As part of the systematic review of environmental, social and governance (ESG) issues, Conzzeta conducted a materiality assessment in 2018 and, as announced, developed a reporting model based on that, the outcomes of which are discussed in the section entitled “Responsibility”. They include initial steps in the Outdoor segment towards implementing the sustainability targets published in 2018 as part of the “We Care” strategy, including a reduction of harmful emissions consistent with the requirements of the 2015 Paris Agreement. Conzzeta also provides Mammut with financial support for the Glacier Initiative, a political push to enshrine CO2 reduction targets in the Swiss Constitution.
Appropriation of profit
The Group result for 2019 amounted to CHF 60.85 for each class A registered share and CHF 12.17 for each class B registered share, compared with CHF 46.76 and CHF 9.35, respectively in the previous year.
With the inflow of funds from the sale of the Schmid Rhyner business unit, which was completed at the end of February 2020, Conzzeta again has an excess cash position. The Board of Directors had announced that sales proceeds surpassing the needs of Bystronic shall be distributed to shareholders. After an overall assessment, taking into account, among other things, the operating margin expansion in the 2019 financial year and the uncertain environment for 2020 on one hand, and the aforementioned inflow of funds on the other, the Board of Directors proposes to the Annual General Meeting on April 22, 2020, a dividend with a special distribution in the amount of CHF 86.9 million. This comprises a dividend at the previous year’s level of CHF 37.3 million and the distribution of excess liquidity reserves of CHF 49.7 million. Subject to the approval of the Annual General Meeting, CHF 42.00 will thus be paid out for each class A registered share and CHF 8.40 for each class B registered share.

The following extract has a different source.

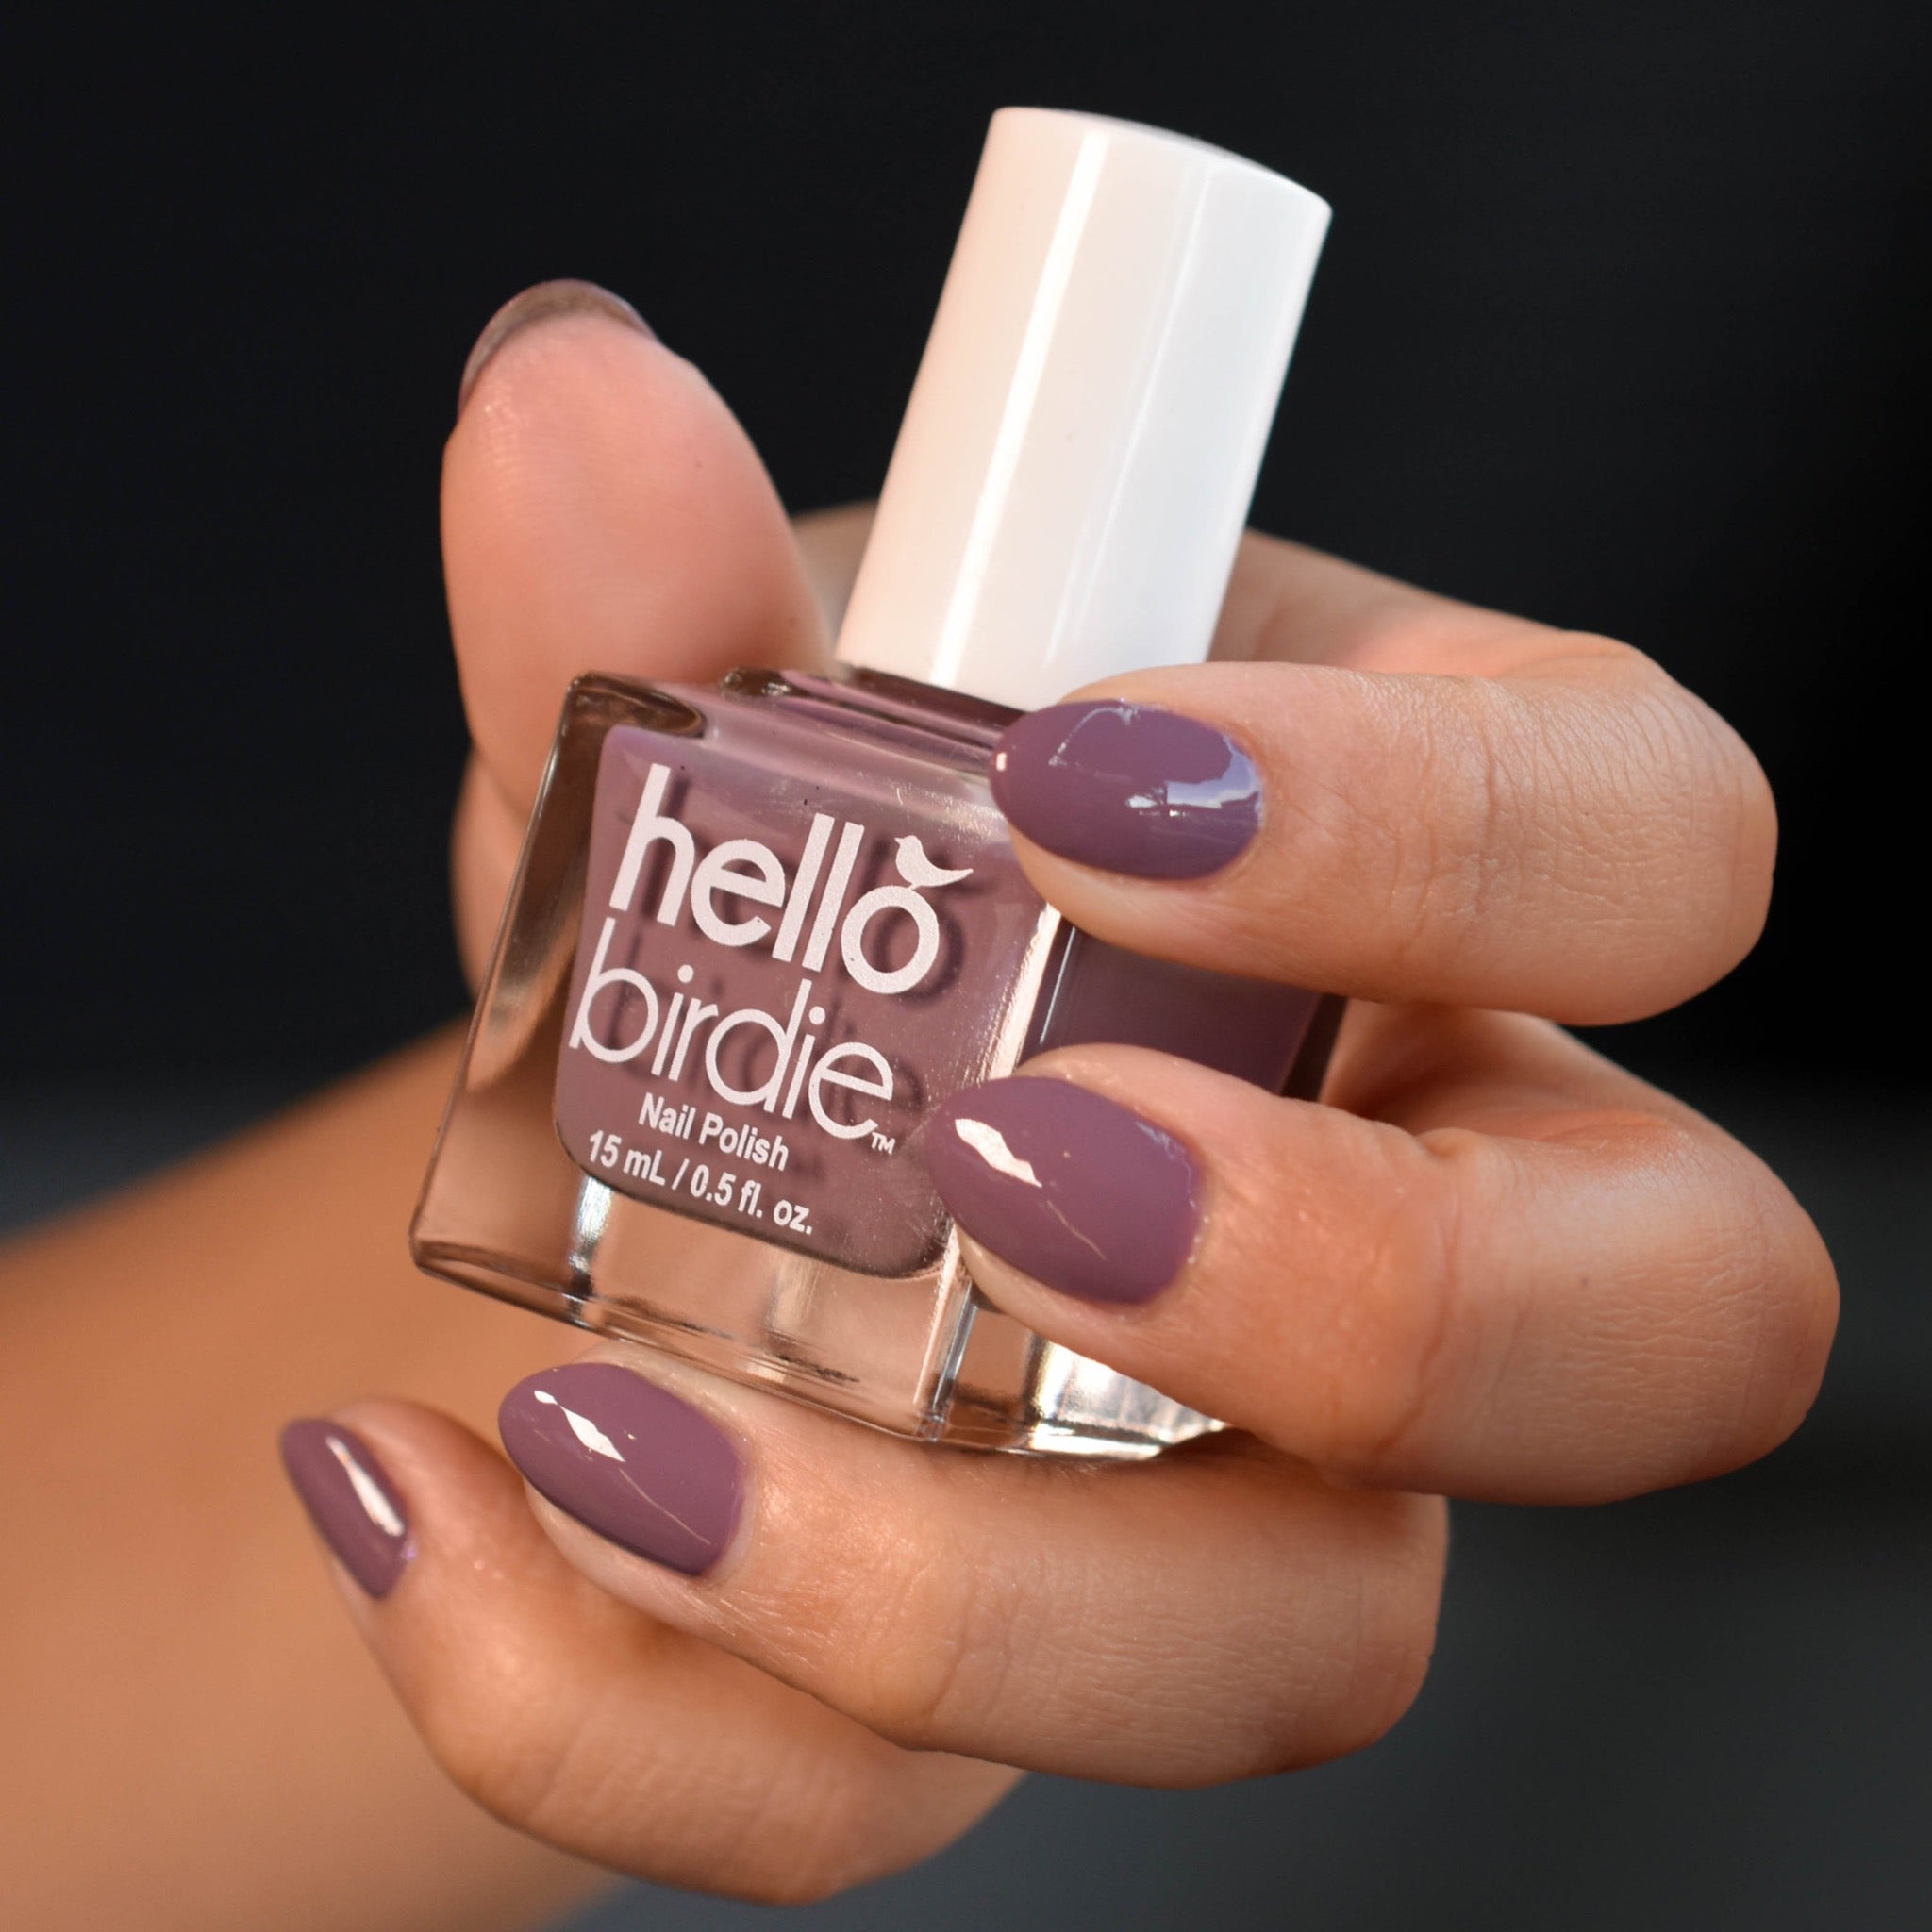 A close up of a medium toned hand clutching a bottle of Unpheasant  nail polish from Hello Birdie in a taupe purple. The nails are painted with the polish and are glossy against a soft black background.

At the end of 2019, the Conzzeta Group had 5,026 employees worldwide, compared with 5,259 the previous year. The decrease is attributable to the sale of the Glass Processing segment with 436 employees. In the other segments, particularly in the Sheet Metal Processing segment, however, the workforce was expanded in the course of 2019. Traditionally, Conzzeta Group companies have participated in apprentice training programs. At the end of 2019, 151 apprentices were in training at 9 locations in a total of 25 disciplines.
The expertise, flexibility and commitment of our employees are the key factors in ensuring the long-term success of the Conzzeta Group companies. The Board of Directors and Executive Committee would like to take this opportunity to thank the employees for their dedication and efforts in 2019. Considerable effort will also, however, be required in the future in order to implement the Groupʼs operational and strategic initiatives in a competitive environment that continues to be challenging, particularly also in the context of the strategic reorientation of the Group.
With the announced strategic reorientation, 2020 will be a transition year for Conzzeta. The timing of the sale of both the FoamPartner and Mammut business units remains to be seen. Conzzeta anticipates a difficult economic development due to the consequences of the coronavirus epidemic and is taking appropriate actions. In the current situation it is not possible to provide a concrete financial outlook for 2020. With regard to the continuing business, Conzzeta however expects Bystronic to outperform the relevant market development thanks to its innovative portfolio of products and services.